Никогда не лишним будет сказать, что социальное начало, отделенное таким образом от сообщества, не является духовной ценностью. Точно так же обстоит дело с индивидом или «персональностью». Нередко резкой критике подвергалось то, что между человеком публичным и человеком частным существует разрыв. Но в том качестве, в котором они обычно мыслятся, они представляют собою две уродливые разновидности. Частный человек буржуазного образца — это замкнувшаяся в себе индивидуальность, скрытная, нечистоплотная, это частная жизнь, в основе которой лежит не любовь, а отказ уступить другому: частное — это то, к чему заказана дорога другим. Публичный человек создан по той же мерке, это — выставленная напоказ индивидуальность, ей свойственно позерство, она готова идти на обман и компромиссы с теми, кто строит себя по такому же образцу, она стремится избегать беспокойств и не берет на себя никаких обязательств; это человек, слабый по отношению к себе, слабый по отношению к другому, внутренне ограниченный, но имеющий непомерные претензии и, чтобы обладать хоть каким-либо весом, делающий вместе со всеми одни и те же социальные жесты.
Социальное и публичное отличаются от общностного тем, что они все более и более отделяют человека от него самого. Это был мой друг, но вот его заносит куда-то и он отдаляется, не только от меня, но и от других. Однако в нем еще остается какая-то тайна, что-то непостижимое, что-то такое, что я любил в нем, что все время ждет его, пока он носится неизвестно где и без умолку болтает; но вернется ли он обратно?
Подлинные сообщества, напротив, сближают человека с самим собою, вдохновляют и преобразуют его.
Помимо обществ, к которым я принадлежу, существуют еще и другие. Все. Человечество.
Не будем строить иллюзий на этот счет. Быть может, лишь тот человек, который достаточно глубоко проник в Бога, испытывает потребность и способен любить всех людей, но опять-таки только в Боге, тех, кого он знает, и тех, кого он не знает, каждого ради него самого, вопреки ему самому. Хватит красноречия. Я не люблю все человечество. Я не тружусь ради человечества.
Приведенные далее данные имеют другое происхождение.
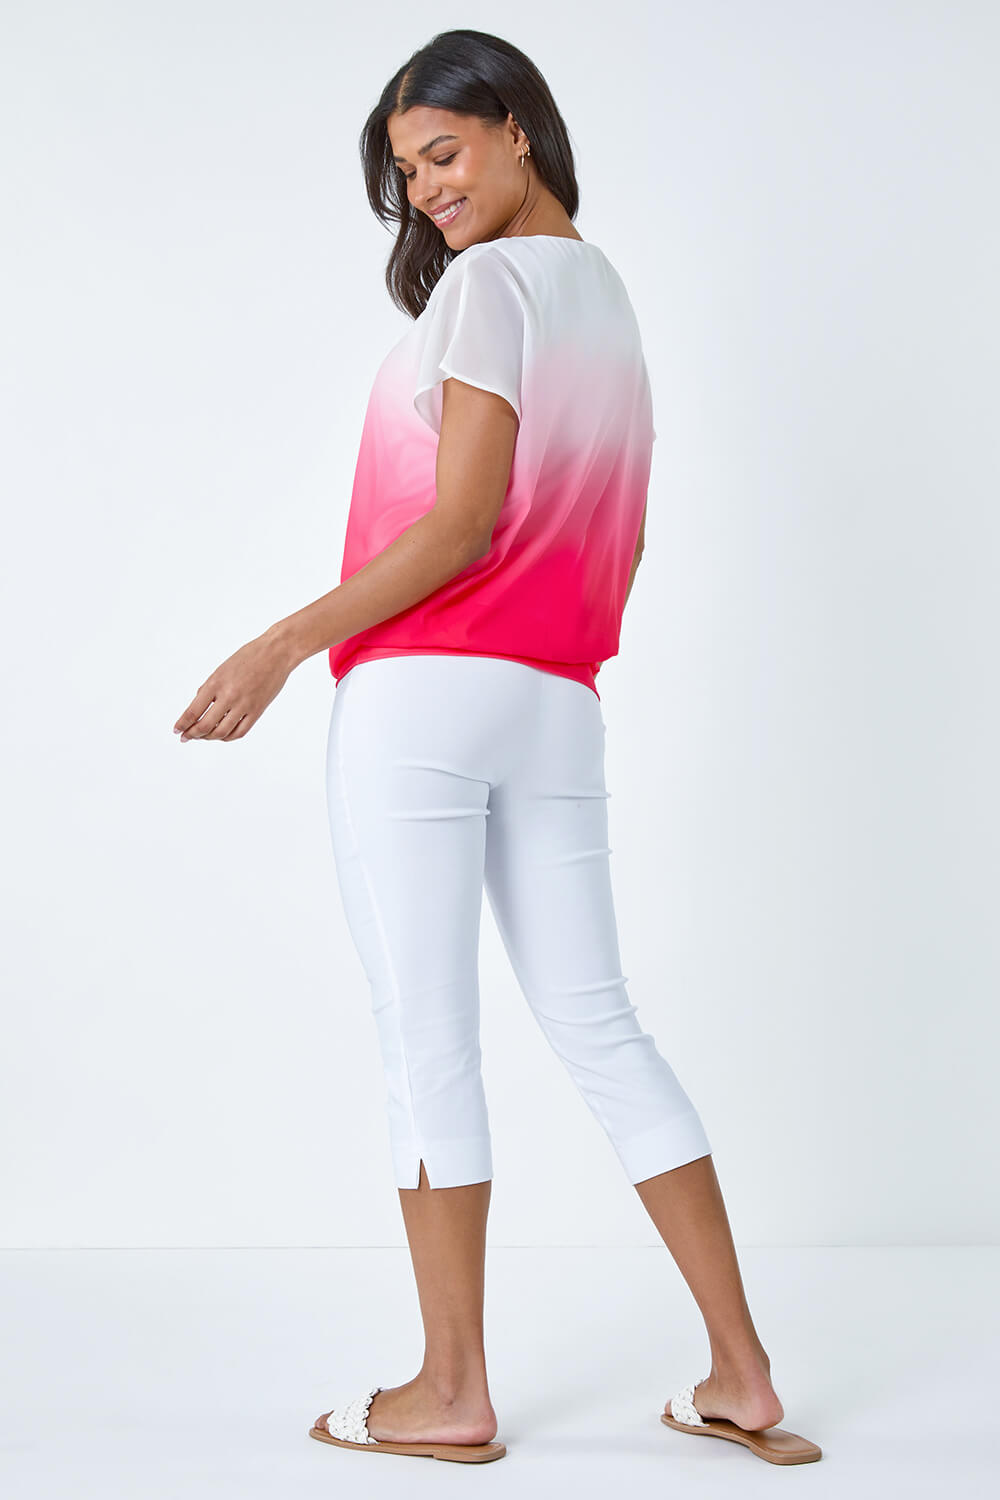 CORAL Ombre Chiffon Overlay Blouson Top, Image 3 of 5

Я люблю всего нескольких людей, но подобный опыт оказывается настолько богат, что благодаря ему я чувствую себя обязанным каждому ближнему, который может повстречаться на моем пути. Это как бы надежда на любовь, вера в ее животворную силу. Со всем остальным я тесно связан телесно: только физическое присутствие приводит в движение человеческое присутствие, но и его не всегда достаточно для этого. Немногие люди обладают чувством человечества, человеколюбие — удел немногих. А сколько людей остаются глухими к нищете и страданиям других: 30 миллионов безработных, землетрясение в Японии, 10 000 погибших — сообщают газеты; но вот проходит пять минут и они уже перебрасываются шуточками с соседом.
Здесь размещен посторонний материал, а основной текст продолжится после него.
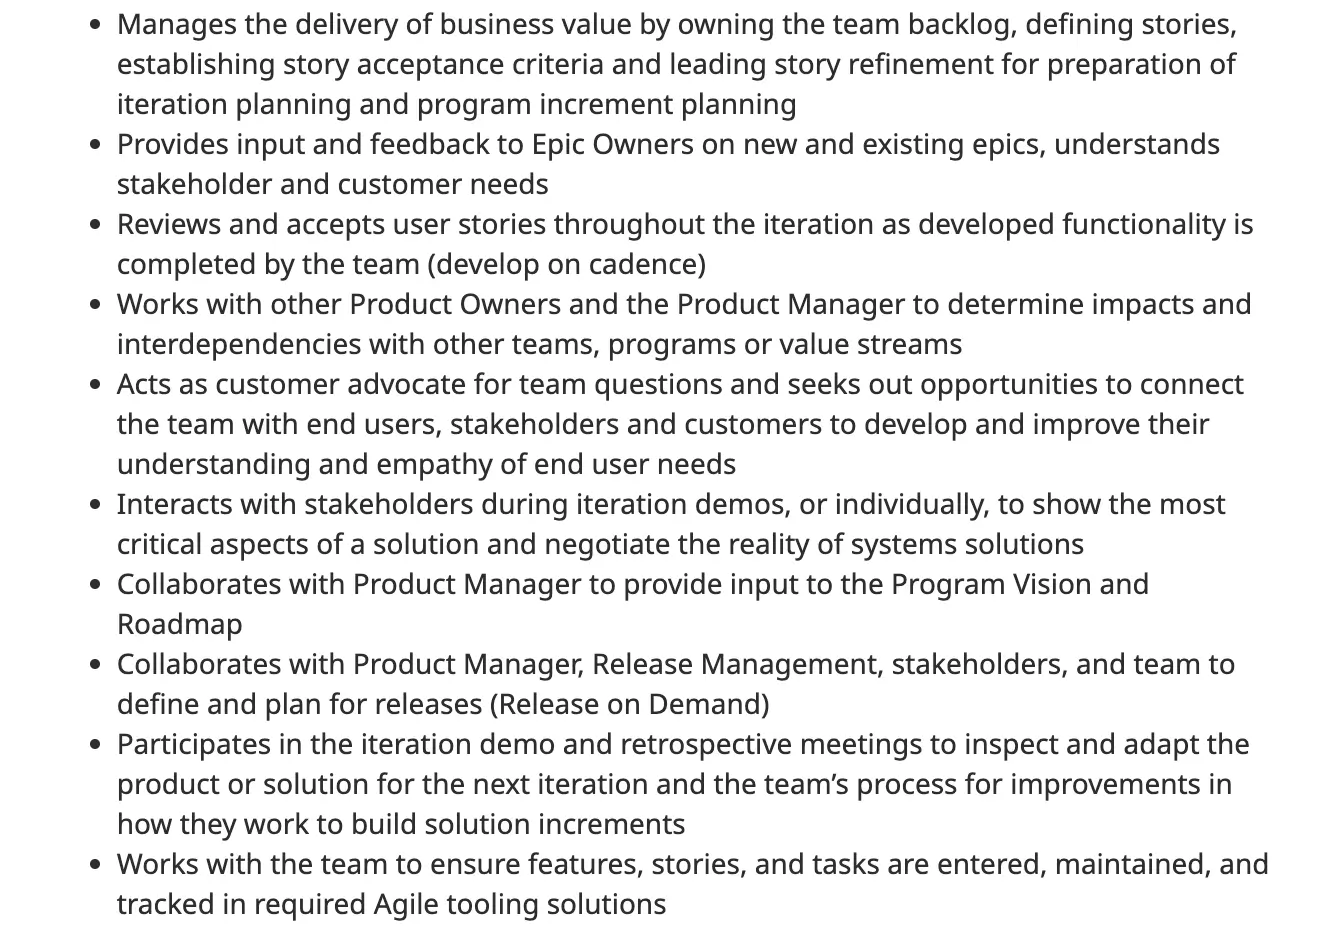 ScreA list of tasks and responsibilities for a product owner role at FedEx.

Впрочем, чтобы любить реальность, не требуется никакой статистики. Зачем обманывать себя речами? Каким образом Бог сможет обратить внимание на меня среди этих миллиардов людей? — говорила добрая женщина. Мудрость отвечает ей: Бог не считает людей. Вот та капелька крови, которую я пролил ради тебя. У одного отца семейства спросили: «Сколько у вас детей?» Он колеблется, а затем начинает считать на пальцах: «Сколько же: Пьер, Анжела, Жанина, Жан-Филипп, Ален, Мария. Должно быть шесть».
Личность, которую я люблю, — это универсум, но мне не известны все его земли, не все его призывы я слышу. Однако я всюду чувствую неоспоримую сопричастность, хотя остается множество неизвестных, тайных мест. Достаточно уже того, чтобы мы знали, что в любой момент все может открыться, чтобы не ставить под вопрос первичную сопричастность. То же самое можно сказать и о человеческой сопричастности. Я познаю ее на опыте только вместе со своими близкими или, но уже в более расплывчатом виде, — в несовершенных коллективных личностях: моя профессия, моя страна. Ко всему остальному я просто испытываю доверие.
Я стремлюсь к тому, чтобы не поддаваться магии слов, не надеяться на чей-то радушный протекционизм: чтобы быть человеком, требуется гораздо меньше красноречия и гораздо больше великодушия.
В какой-то момент завоевание свободы было жизненной необходимостью, а потом целых пять поколений людей позволяли либерализму ковать свои цепи. Строительство общностной жизни ныне стало настоятельным требованием. Но мы не хотим, чтобы все началось сначала. Corruptio optimi pessima{18}.